But the contracts are different-- significantly different in the very area of specified contract periods, and admittedly because of the differences in the underlying bargains. In Freeport rates as to annuities, original and increased, could never be raised as to employees coming under the plan in the first five years (1934 to 1939). Recognized soon as an onerous agreement, Aetna a few months later was unwilling to extend that vital privilege to Texas Gulf and sought2 (in the intense sales campaign it waged to persuade Texas Gulf to give it this business) by extending the periods from five to ten years, to make up for it.

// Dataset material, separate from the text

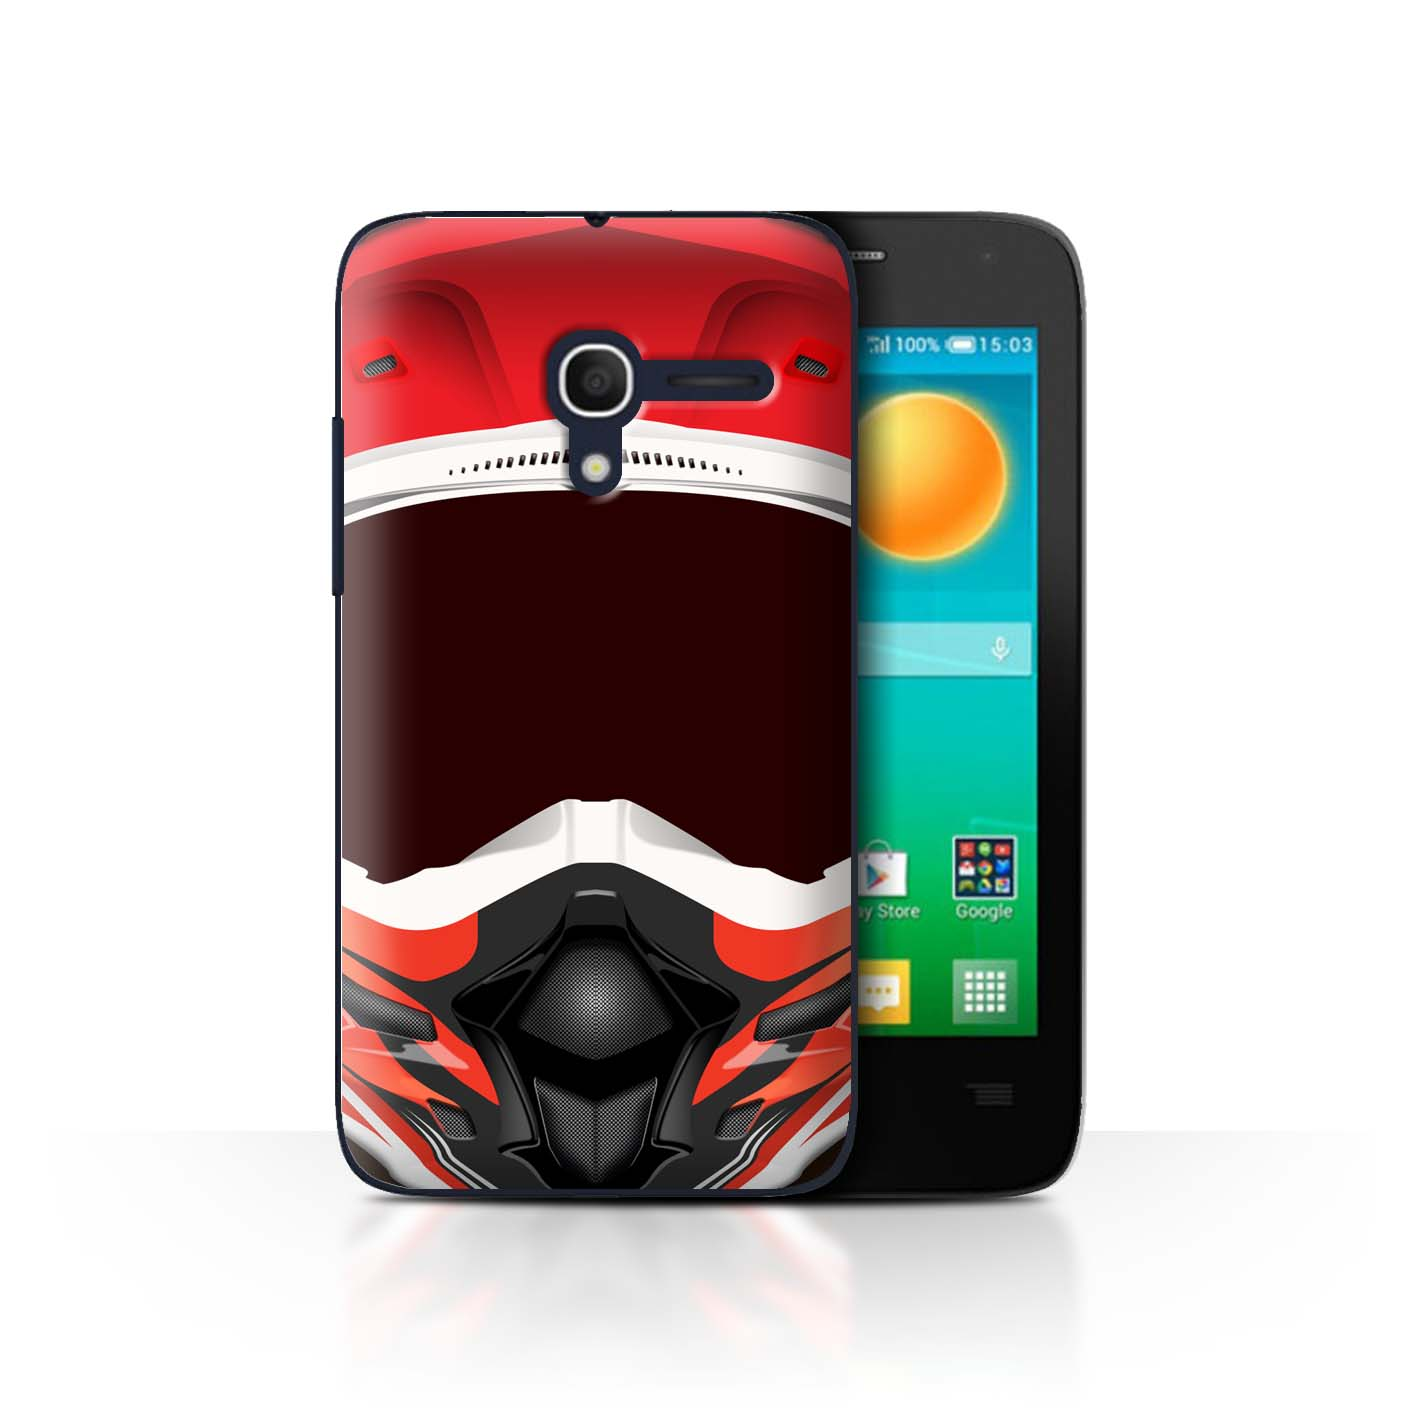 STUFF4-Back-Case-Cover-Skin-for-Alcatel-Pop-D3-Motorcycle-Helmet

It is, we believe, unreasonable for us, as Judges, to think that when two huge business concerns negotiate on high levels between articulate, skilled executives over a contract of immense importance to both, that this difference was either trivial or, as Aetna puts it, 'adventitious.' And, accepting Judge Hutcheson's rationale of an option limited to the contract period then 'entered upon', the contract expressly making Texas Gulf's for ten, rather than Freeport's five-year period, subjected Aetna to double that obligation.
So, while we do not think, on the one hand, that the words (note 1, supra) are conclusive, we are, on the other hand, equally unwilling either to disrate them in Aetna's words, brief page 25 as '* * * evidently thrown in for good measure and without much thought * * * demonstrably conceived in error * * * included through inadvertence * * * (and thus) * * * entitled to little weight * * *', or effectually disregard them altogether because, in Judge Hutcheson's language, these '* * * specific dates are of no more significance in the determination of the overall reasonable time for its ending than those periods introduced by 'et cetera.' We think here, as in Freeport, they were of significance and so intended by the Court. The very spirited attack (see note 8 Judge Hutcheson's opinion) so soon made on them by Freeport's Petition for Rehearing brought these very arguments to the Court's attention while it was still fresh and new. Of course, it would be unrealistic to say that opinions must be amended or modified to meet every supposed deficiency pointed out in Petitions for Rehearing, but we who now follow can hardly assume, in this posture, that this was mere make-weight.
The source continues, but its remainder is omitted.